Tentang Syukur yang kadang terusik (latepost)

next post yang tersimpan di draft blog.
sekalinya ngeposting langsung 2 hehehe.. ini postingan semestinya februari 2016..

Assalamualaikum wr.wb..

Setelah sekian lama saya selingkuh ke blog sebelah akhirnya kembali lagi ngepost di sini.. Kadang rindu sebenarnya ingin menulis di blog ini, tapi entah kenapa rasanya godaan untuk menulis di sebelah lebih kuat hehe.. rumput sebelah memang menggiurkan yah..
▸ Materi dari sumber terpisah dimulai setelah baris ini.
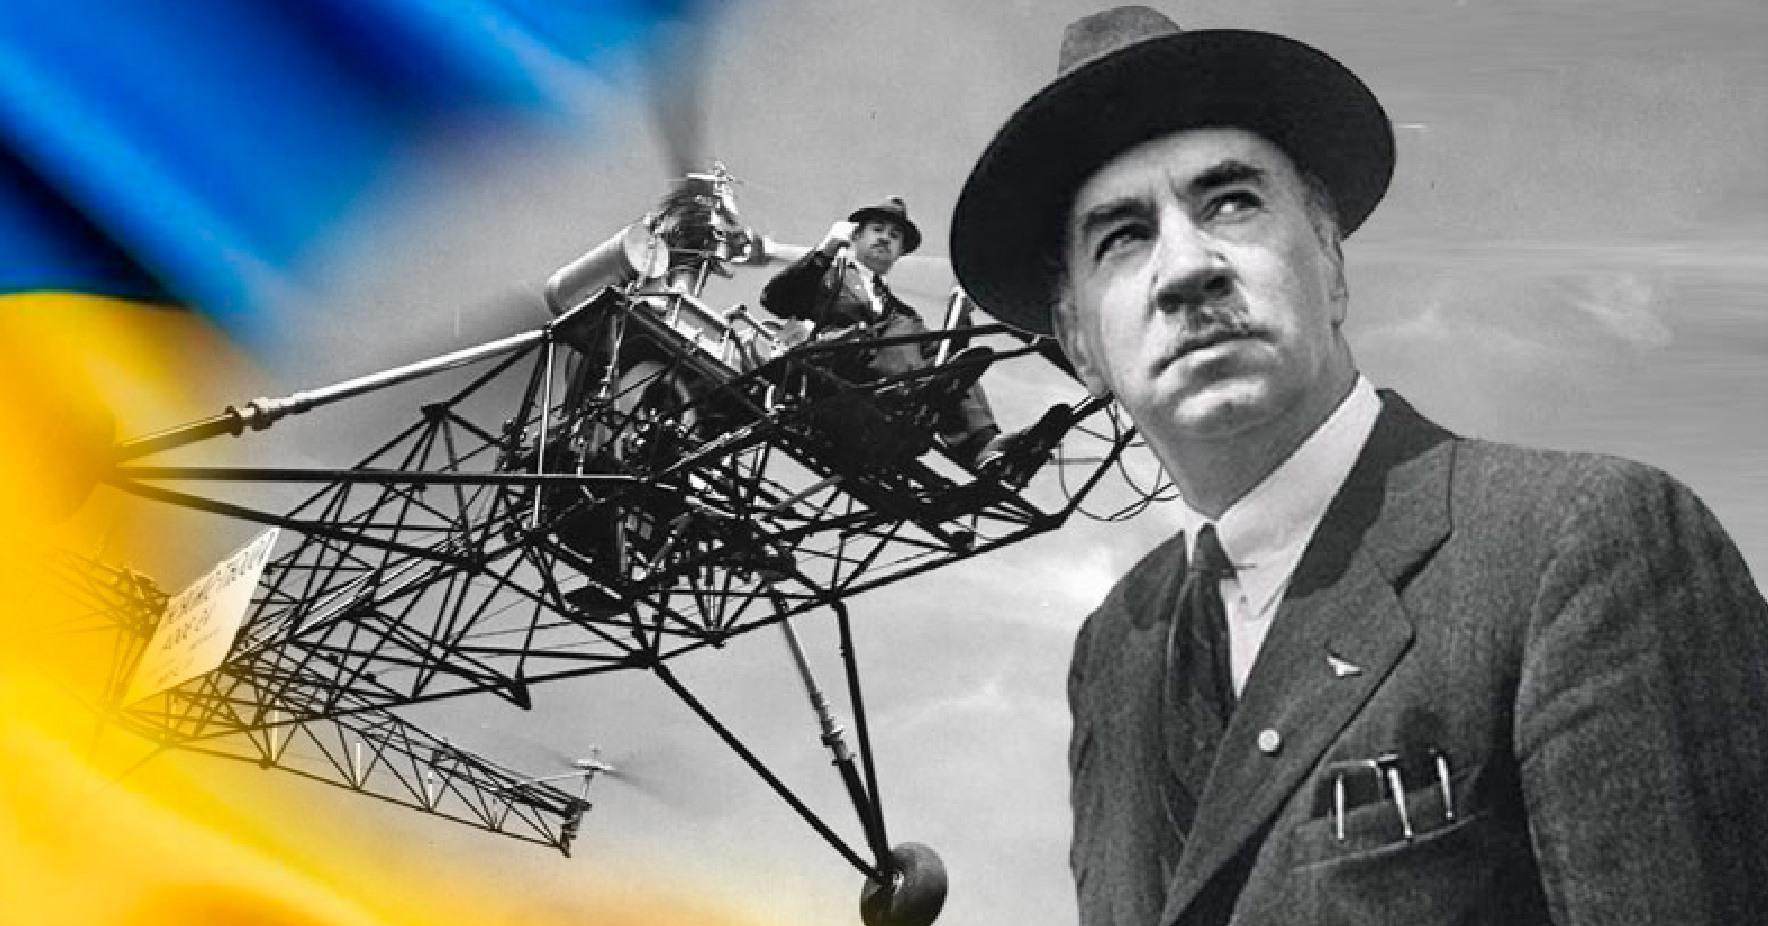 Сразу интересный факт – он любил называть свои самолеты именами героев украинских легенд.

Dari judulnya, mungkin bisa ditebak apa yang ingin saya tulis. Tentang syukur, syukur yang mulai terusik.

Syukur. Eits ini bukan nama orang oke? Hehe ini kata sifat yang ada dalam kamus bahasa indonesia kok..

Siapa yg sering bersyukur? Memang bagaimana yang orang sebut syukur itu? Bersyukur, kalau menurut saya itu sebuah sikap dimana meskipun hati masih ingin yang lain tetapi masih bisa meredam keinginan itu dan tidak sampai menjadi sebuah keirian. Am i right? Yah, terserah masing-masing lah mau nerjemahin apa.. toh juga gak dicatat di kamus besar kok.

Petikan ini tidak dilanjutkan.